INFORMATION SUPPLIED section start

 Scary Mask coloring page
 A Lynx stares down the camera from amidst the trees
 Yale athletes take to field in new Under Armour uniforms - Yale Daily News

INFORMATION SUPPLIED section end

> WHAT IS REQUIRED
Once the line containing "A Lynx stares" is found, output it and each line after it through the end of the listing above, exactly, with nothing else.

> EXPECTED ANSWER
 A Lynx stares down the camera from amidst the trees
 Yale athletes take to field in new Under Armour uniforms - Yale Daily News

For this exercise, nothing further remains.